DATASET EXCERPT:
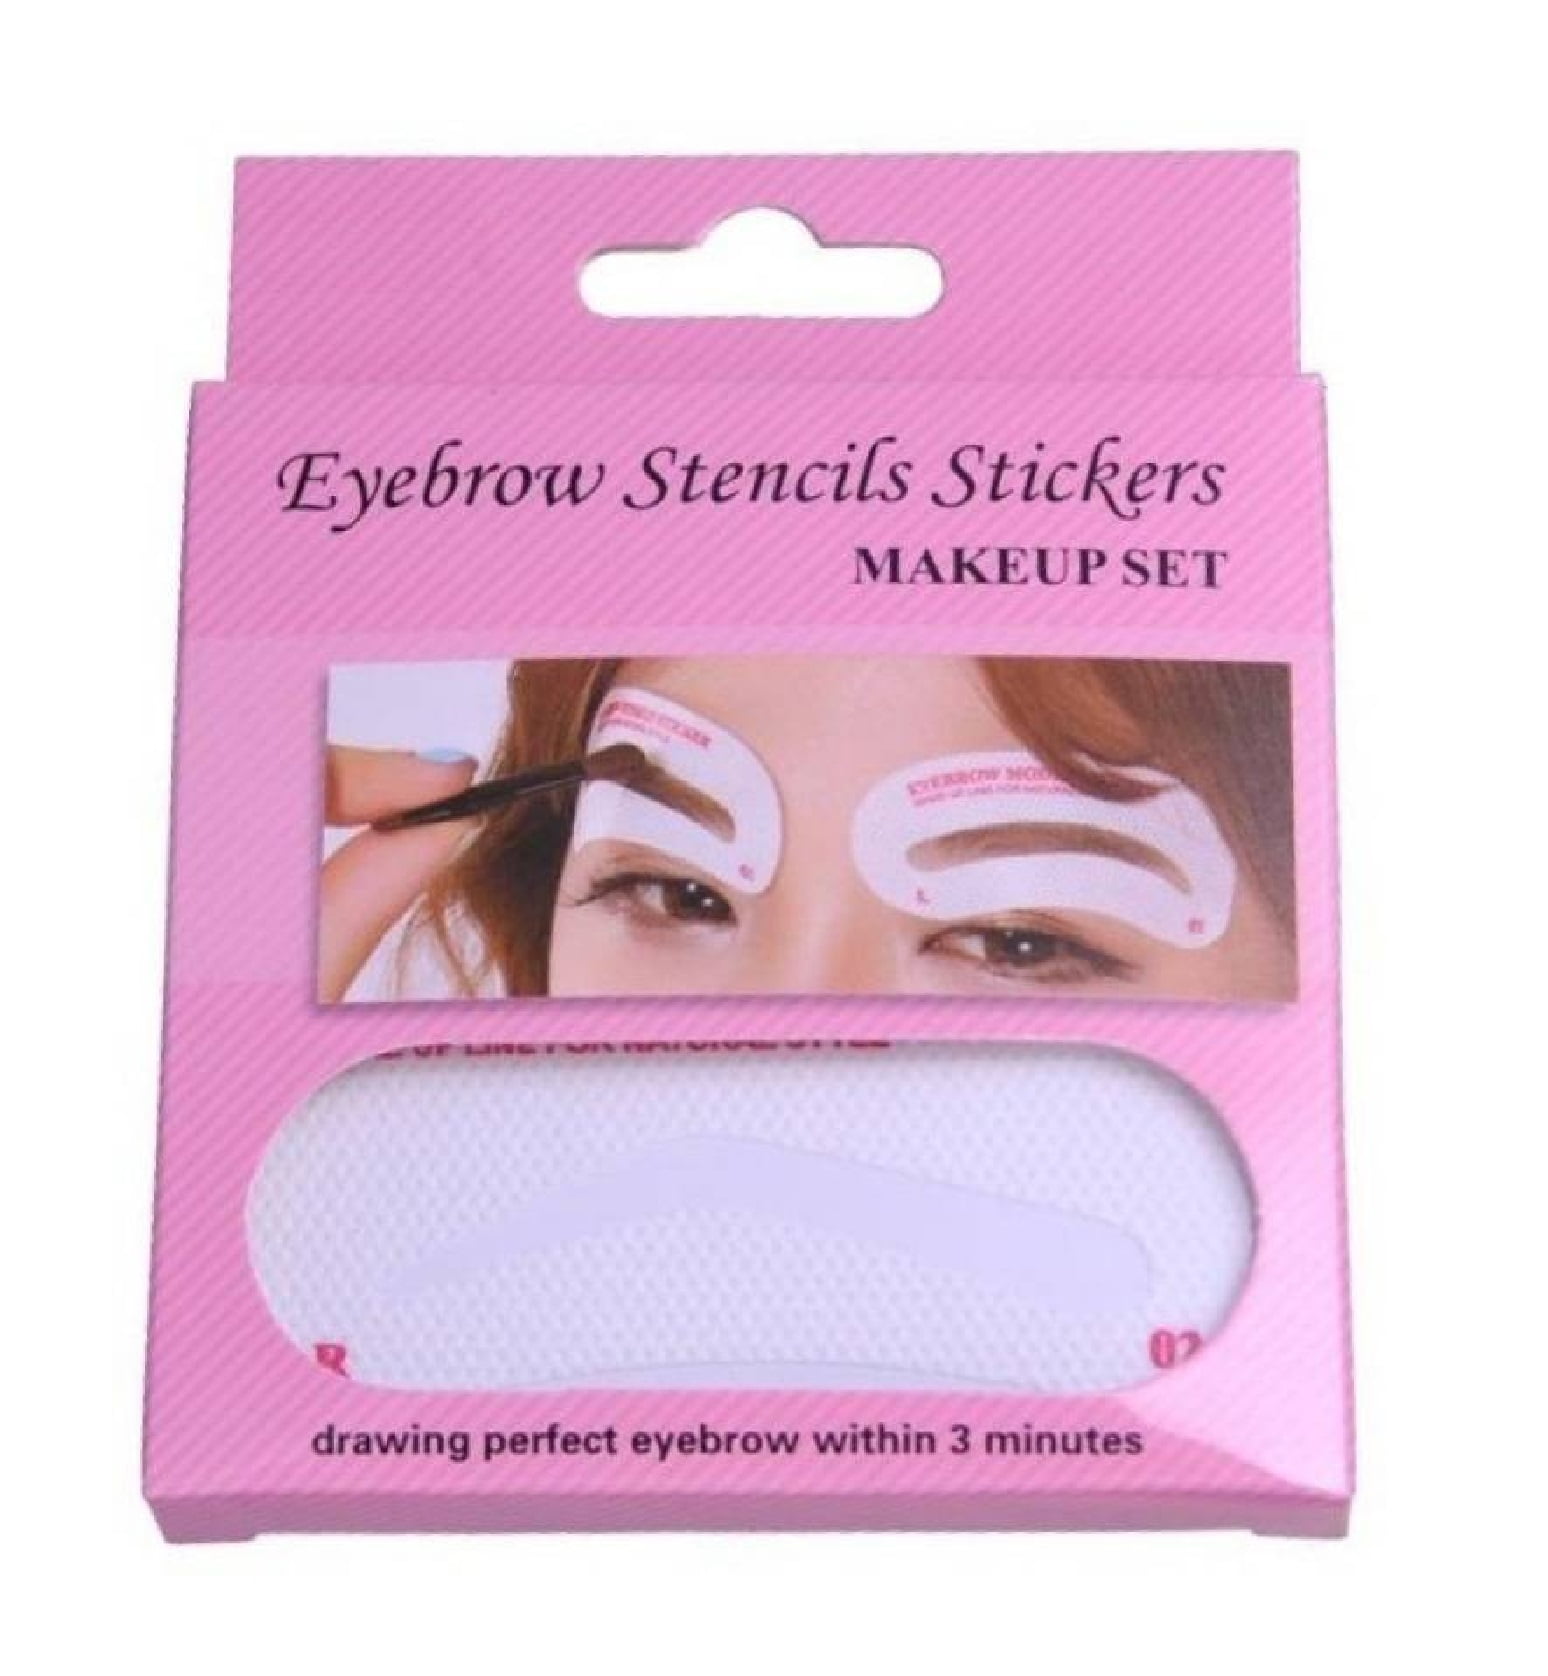 buy-eyebrow-stencil-sticker-set-draw-perfect-eyebrows-in-3-minutes-or
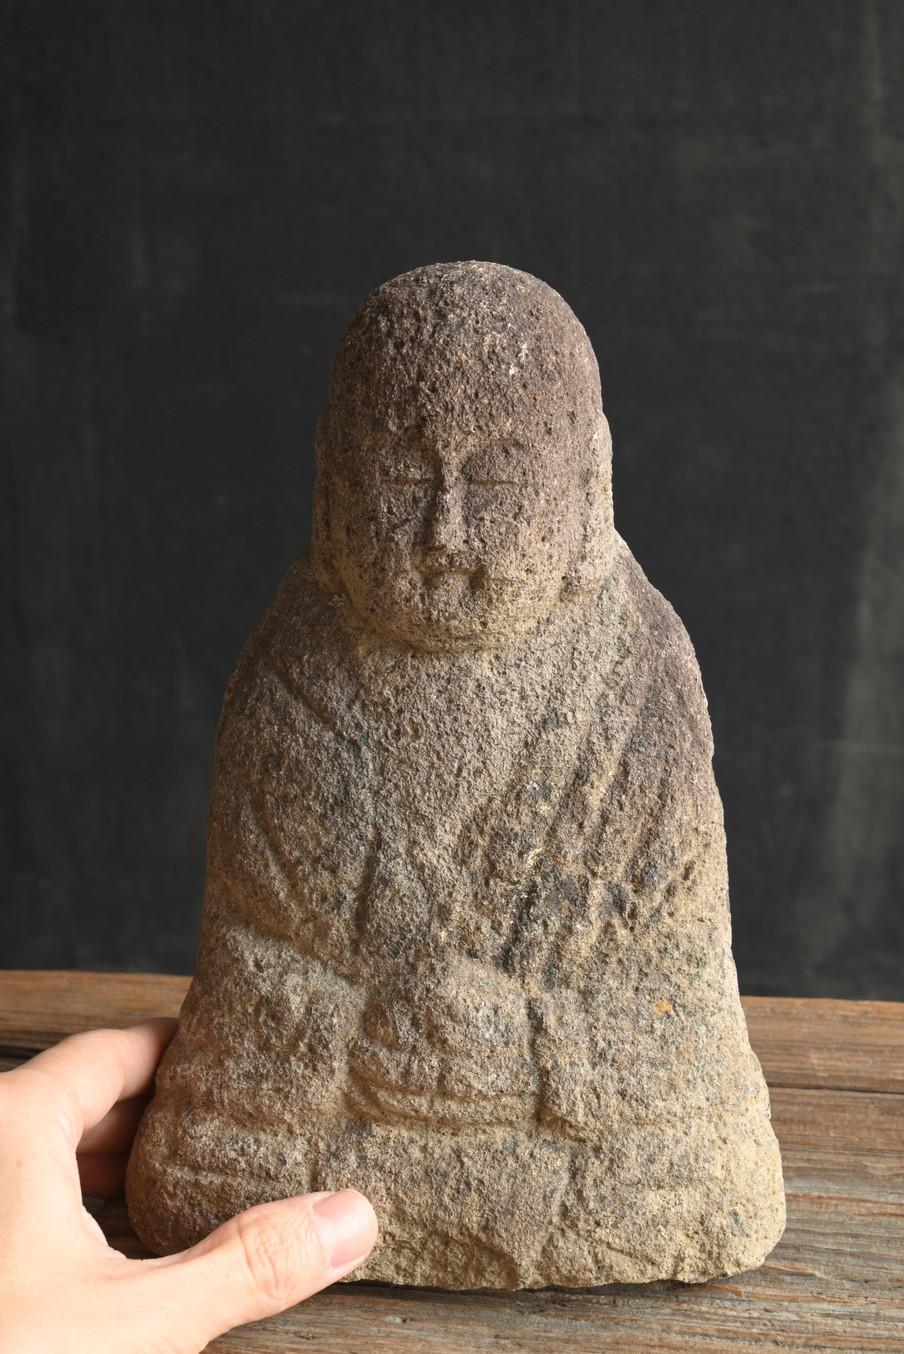 We would like to introduce you to some attractive stone Buddha statues.
This is a very simple stone Buddha carved in the late Edo period (1750-1868).
It is thought that this was probably made on Sado Island in Niigata Prefecture. (Sado Island is

TASK TO CARRY OUT:
In full and without change, repeat the material above, minus the pictures.

SOLUTION FOR THIS EXERCISE:
 buy-eyebrow-stencil-sticker-set-draw-perfect-eyebrows-in-3-minutes-or
 We would like to introduce you to some attractive stone Buddha statues.
This is a very simple stone Buddha carved in the late Edo period (1750-1868).
It is thought that this was probably made on Sado Island in Niigata Prefecture. (Sado Island is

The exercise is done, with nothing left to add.